··· Data provided

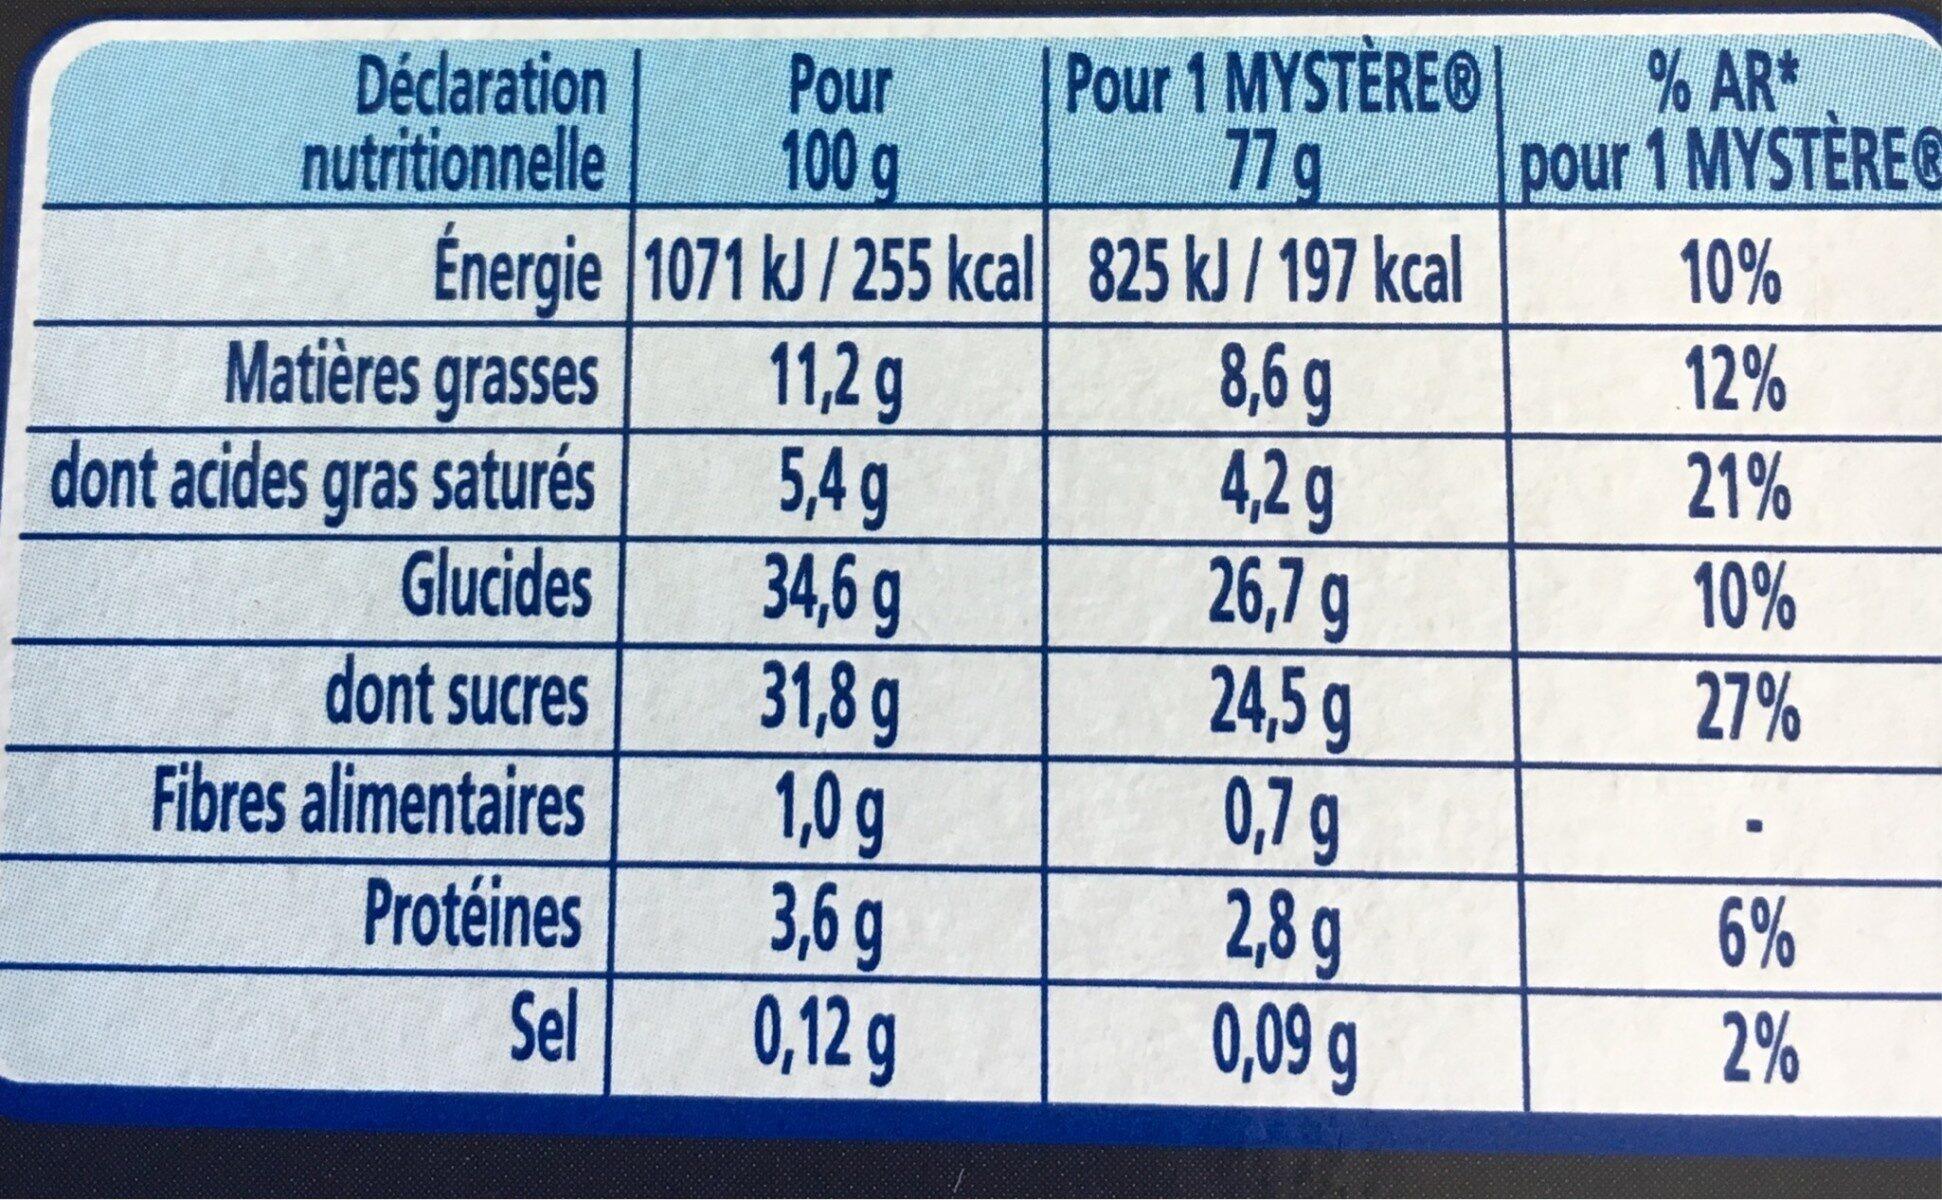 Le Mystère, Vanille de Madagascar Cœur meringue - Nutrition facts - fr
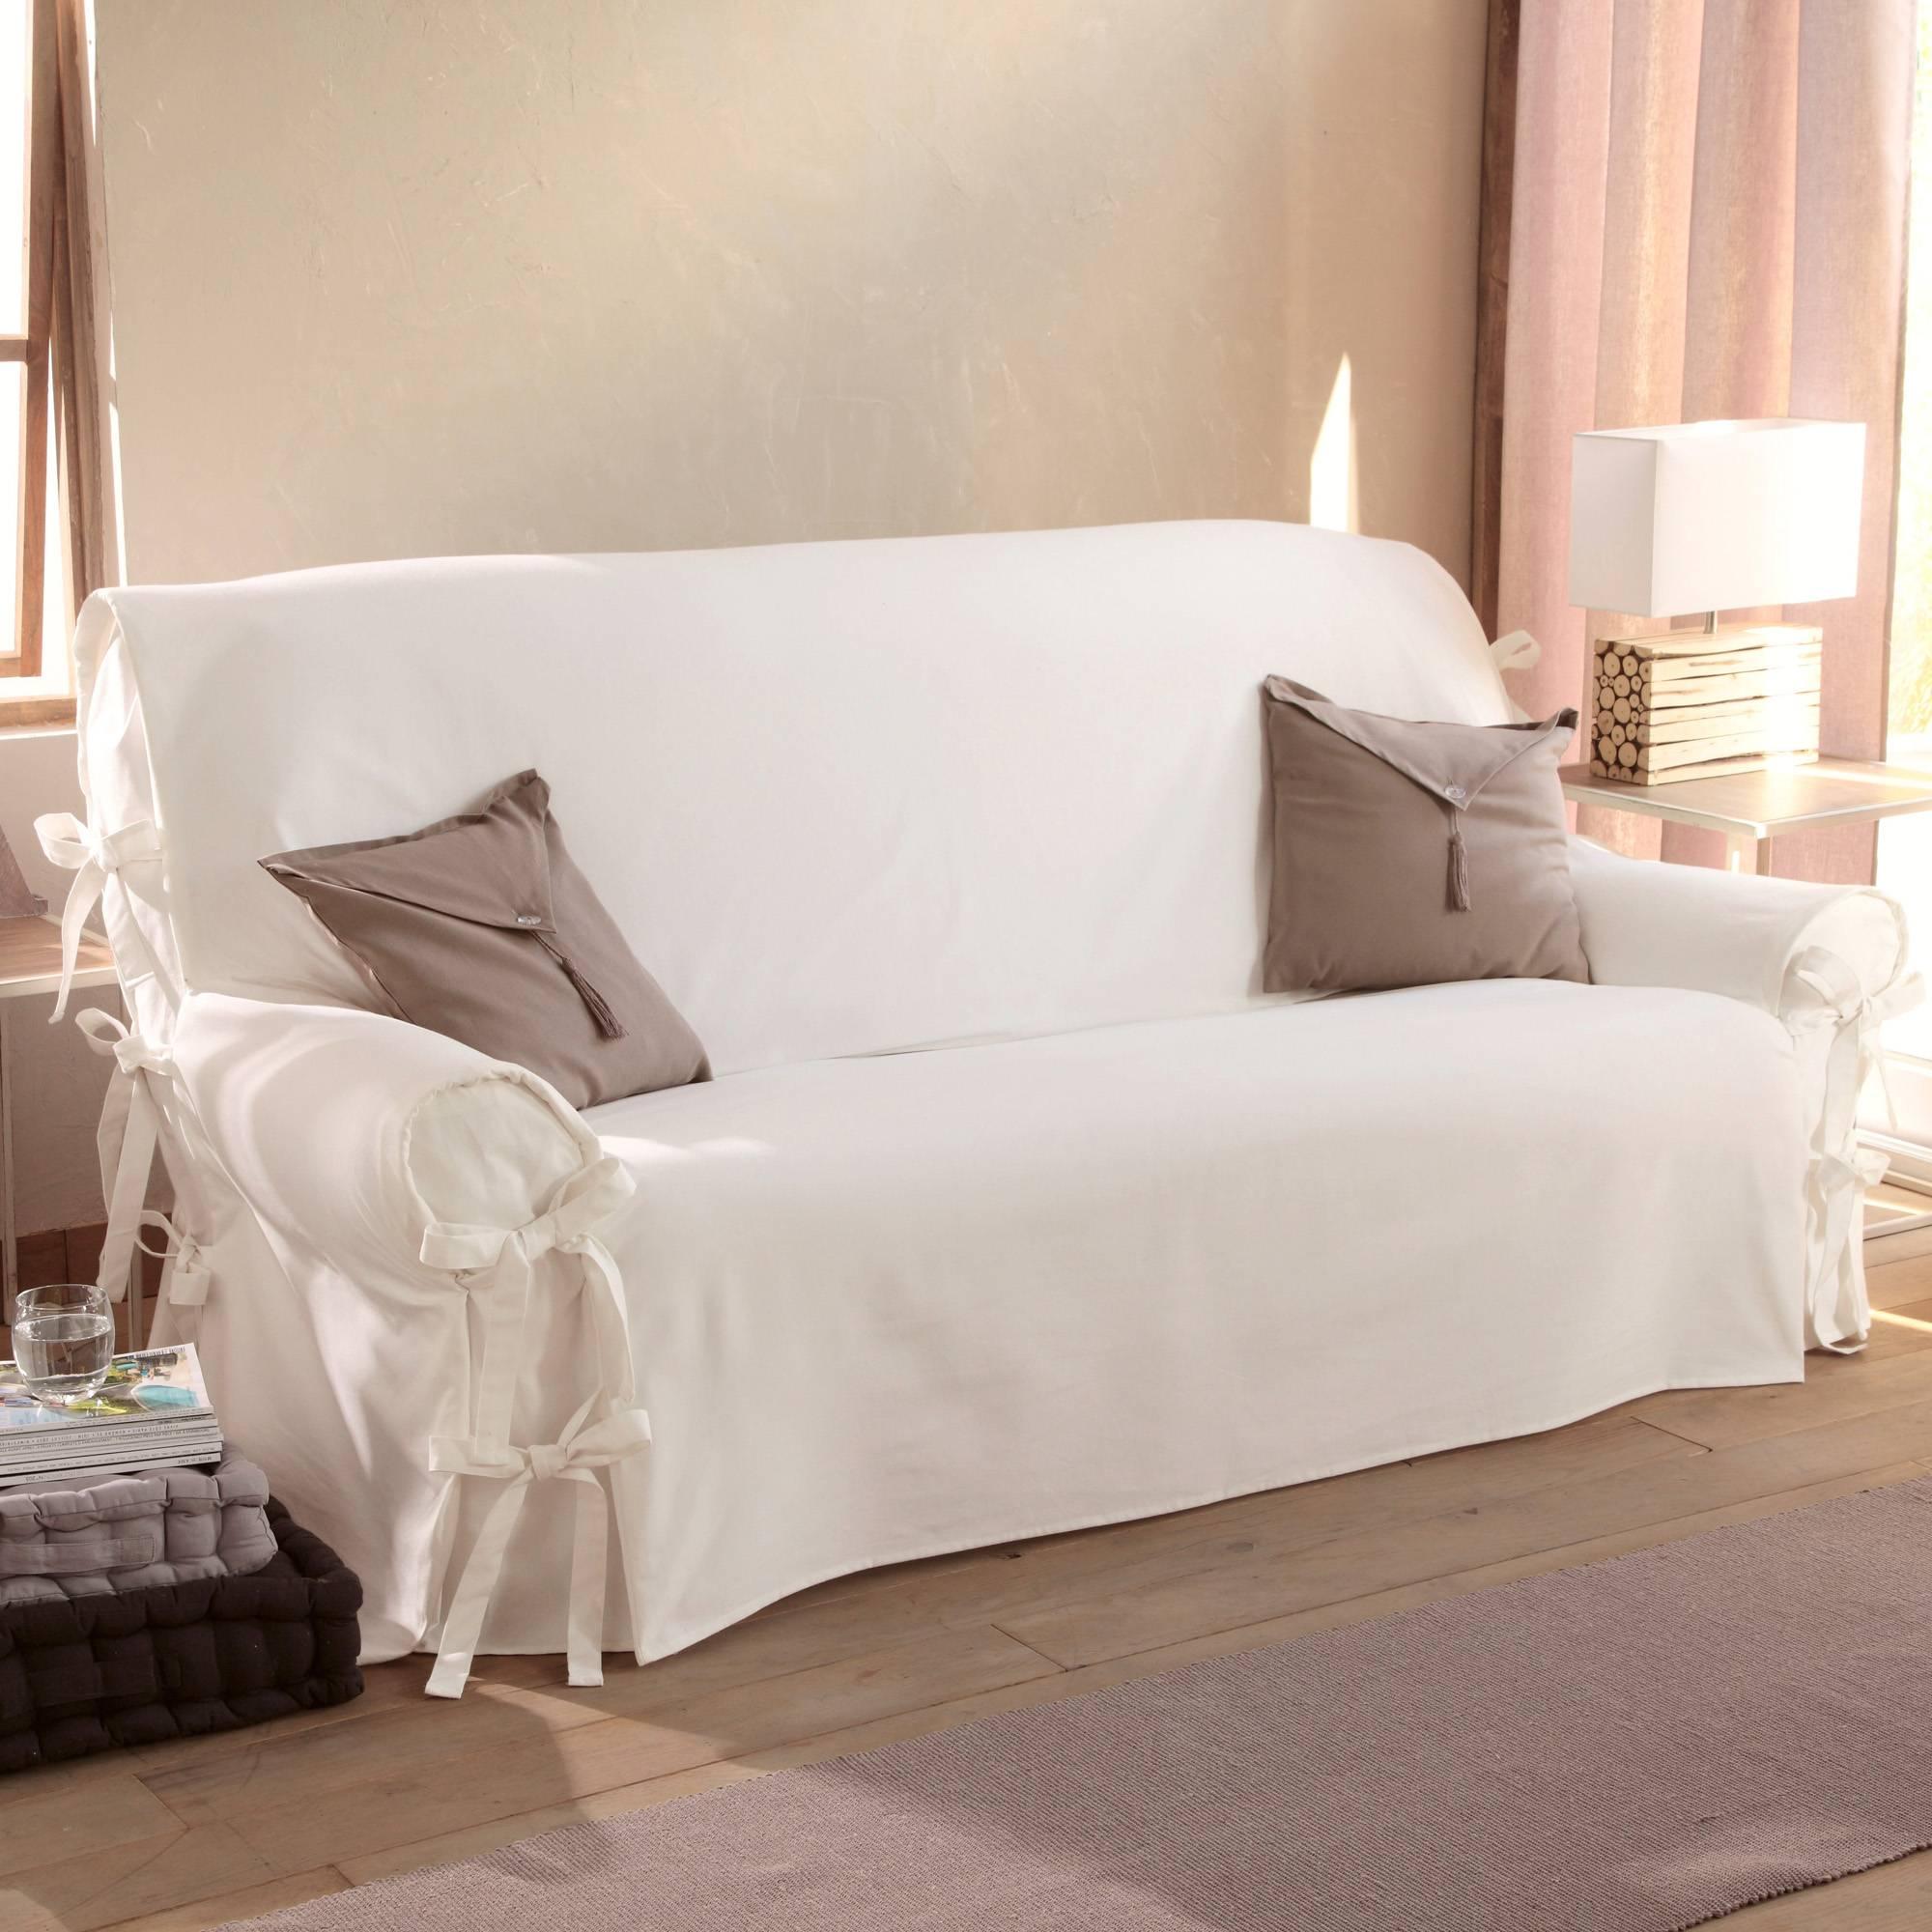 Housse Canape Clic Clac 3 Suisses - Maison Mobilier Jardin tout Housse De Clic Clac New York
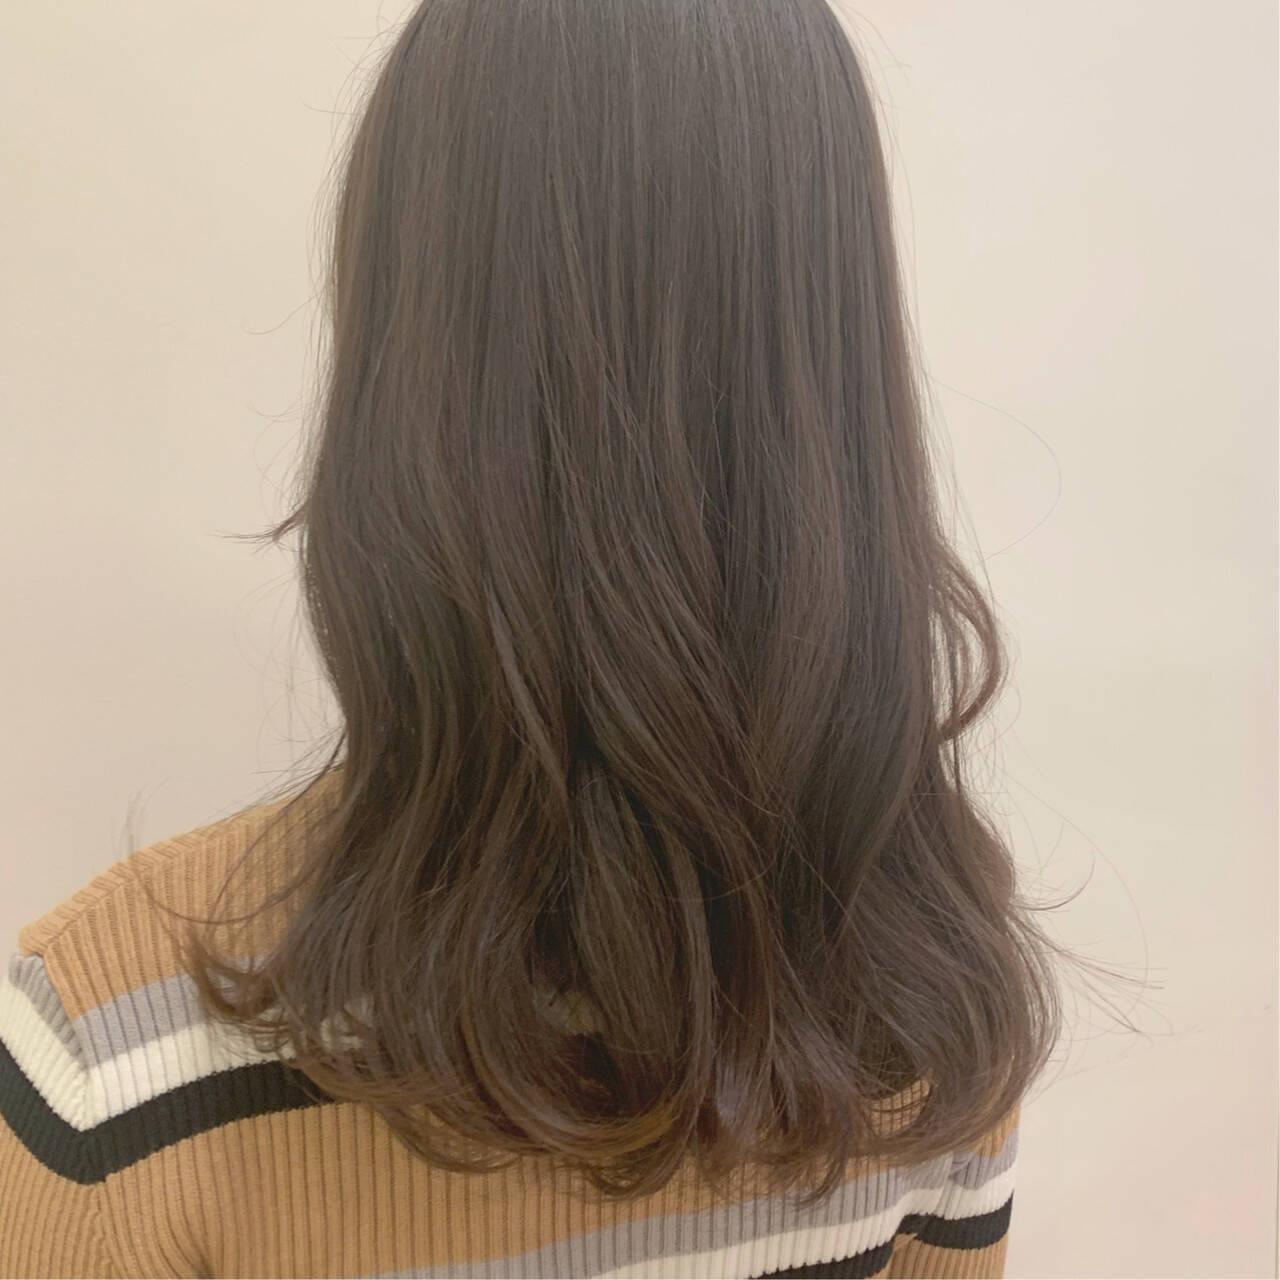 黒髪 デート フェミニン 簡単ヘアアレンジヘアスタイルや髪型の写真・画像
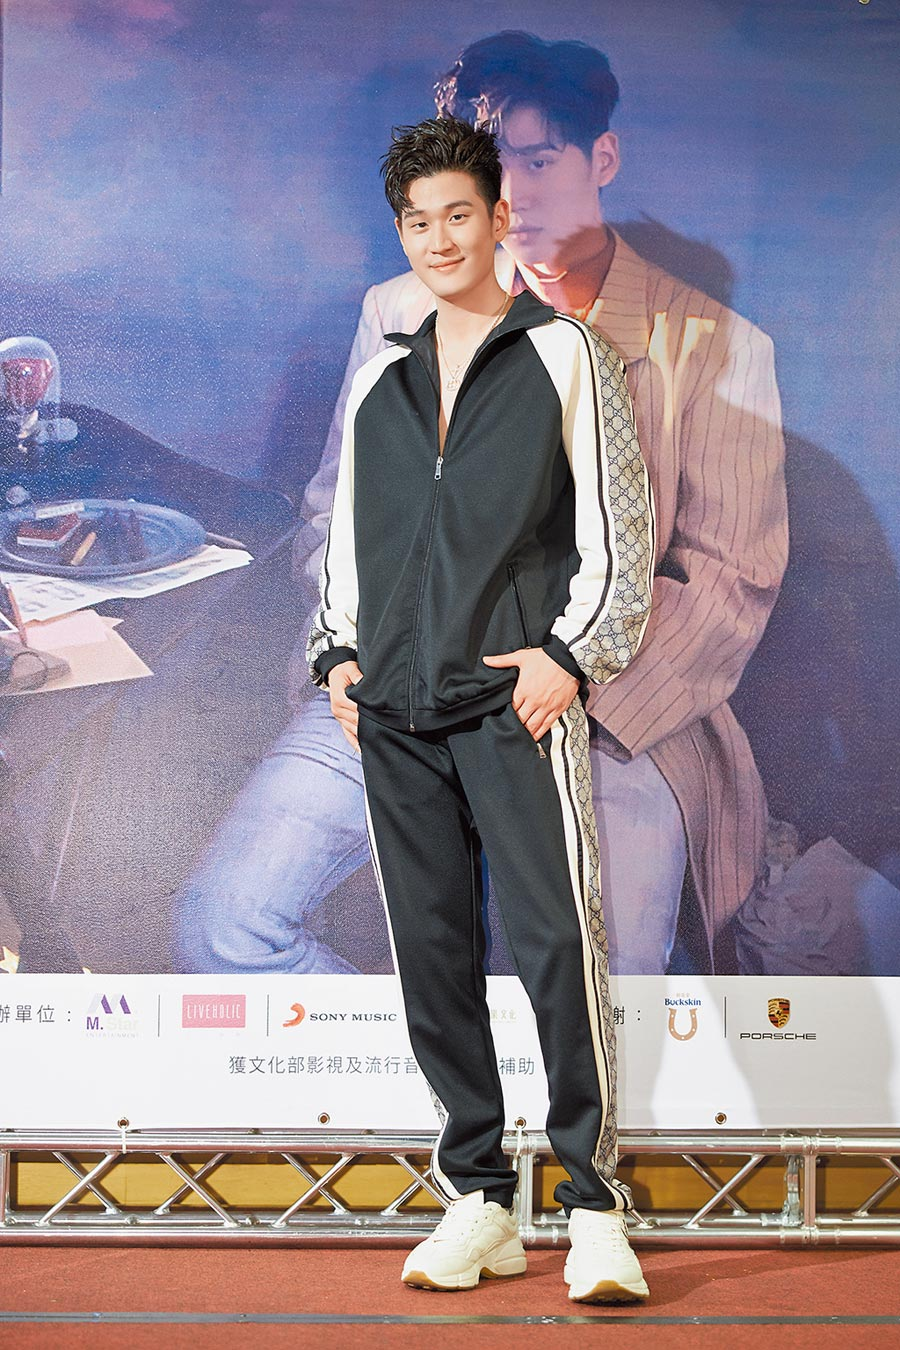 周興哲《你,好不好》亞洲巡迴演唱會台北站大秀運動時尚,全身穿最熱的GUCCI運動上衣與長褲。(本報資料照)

······

**What this task involves:**
The answer should match the material exactly, with every picture removed.

**Exercise output:**
 Le Mystère, Vanille de Madagascar Cœur meringue - Nutrition facts - fr
 Housse Canape Clic Clac 3 Suisses - Maison Mobilier Jardin tout Housse De Clic Clac New York
 黒髪 デート フェミニン 簡単ヘアアレンジヘアスタイルや髪型の写真・画像
 周興哲《你,好不好》亞洲巡迴演唱會台北站大秀運動時尚,全身穿最熱的GUCCI運動上衣與長褲。(本報資料照)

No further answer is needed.